# Looking for a recipe...Can anyone help me?



## CanadianShe_Wolf (Nov 24, 2013)

This recipe was in a magazine sometime from April 1, 1992 & 1996.
Don't ask me the name of the mag..don't remember it!!
Recipe was for an appetizer "ring".
Started with round hoop/styrofoam/ flat-sided top & bottom
Cover hoop with aluminum foal and scotch-taped it down

Washed and dried well curley parsley is also scotch-taped onto the lettuce...ramdomly...so that when adding the "decorations", you can position them in & around the parsley
Make Rose radishes and store in water in frig. /shake of water before using
Also made some small puff pastry balls...cooled
washed and dried cherry toms/ chill
Make a filling for puff-pastry balls from blue cheese, cream cheese and "something else"(can't remember what else was used...chilled) Help!!!!!!
Pipe cheese flling into well-cooled pastry balls
Green and black pitted olives
Any other kind of pickles you would like to use...maybe pickled cauli and can also helpflower?
Toms,Rose radishes,both kinds of Olives, even small cubed cheeses,... plus filled pastry balls have round toothpics inserted and then are stuffed into the "wreath". 
You can also position some more small cubed assorted hard cheese on toothpics between the veggies on your wreath

Use the Washed Boston lettuce, towel-dried it and added to your platter OR serving tray to set the wreath n. Yu can also add extra "decos" on the plater round the wreath.

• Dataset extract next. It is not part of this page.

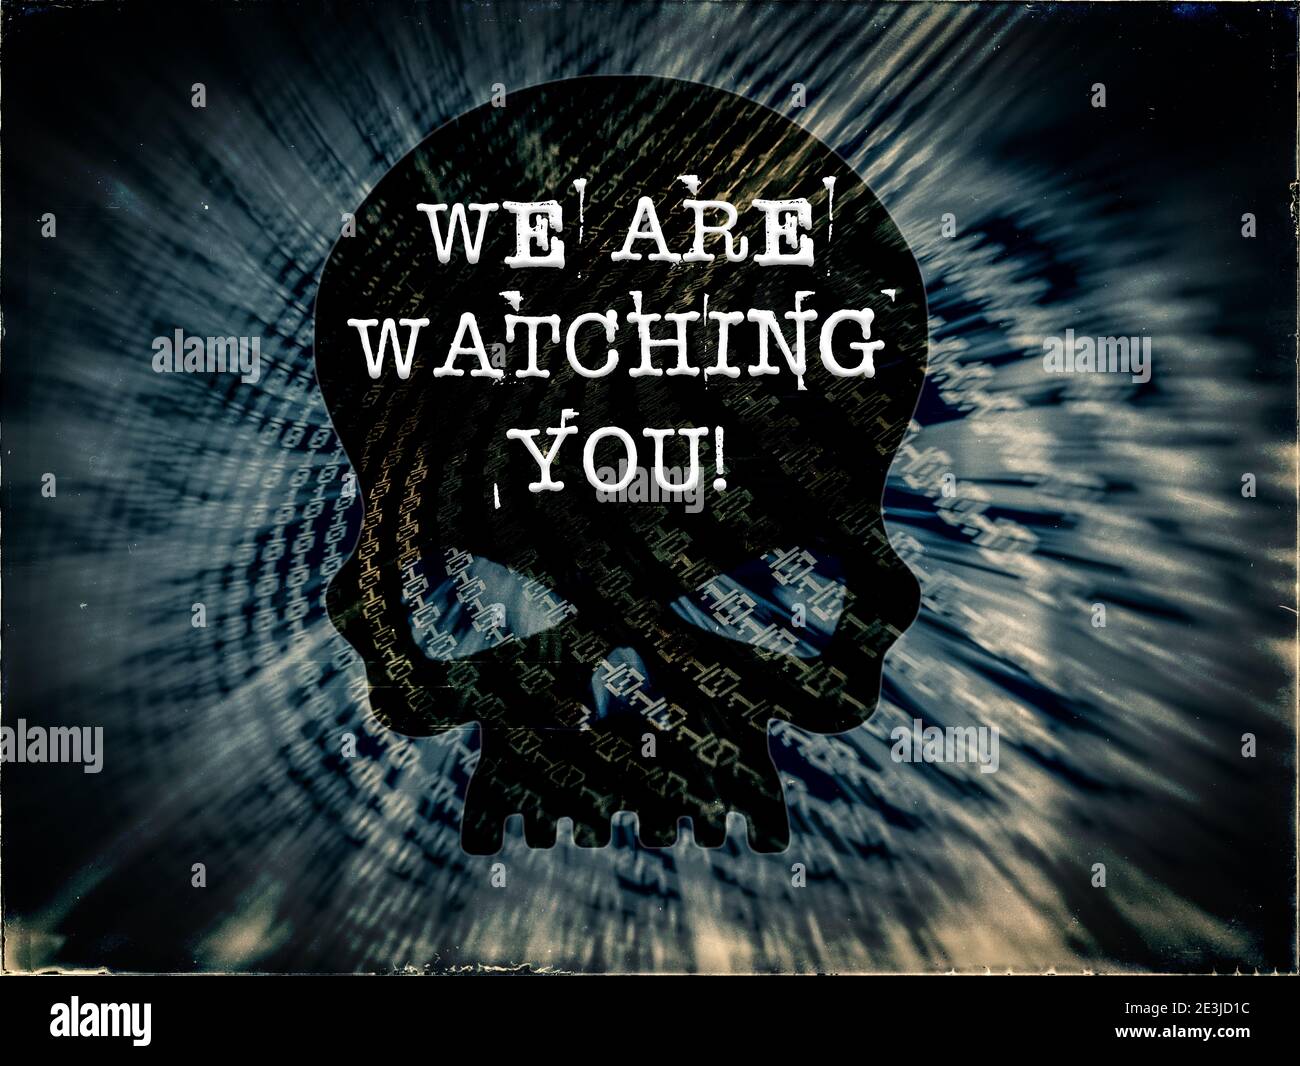 We Are Watching You! text written across Black Skull on Binary code blue background on a vintage distressed looking computer digital display screen Stock Photo

Hope ya'll understand what I am trying to say and also helpme find the original recipe????


********************************************


----------



## jvallas (Jul 16, 2013)

I have no idea but am intrigued. Don't think this will help, but my grandmother made a *wonderful* simple cheeseball similar to your cheese portion: the Kraft glass jar cheeses: one Olde English, one Roka Blue (hard to find but I usually sub regular bleu cheese), plus 1 bar of cream cheese and some garlic. Process or mix all, roll into ball and roll in chopped parsley or nuts (pecans or walnuts typically). Eat on those little cocktail ryes.


----------



## jvallas (Jul 16, 2013)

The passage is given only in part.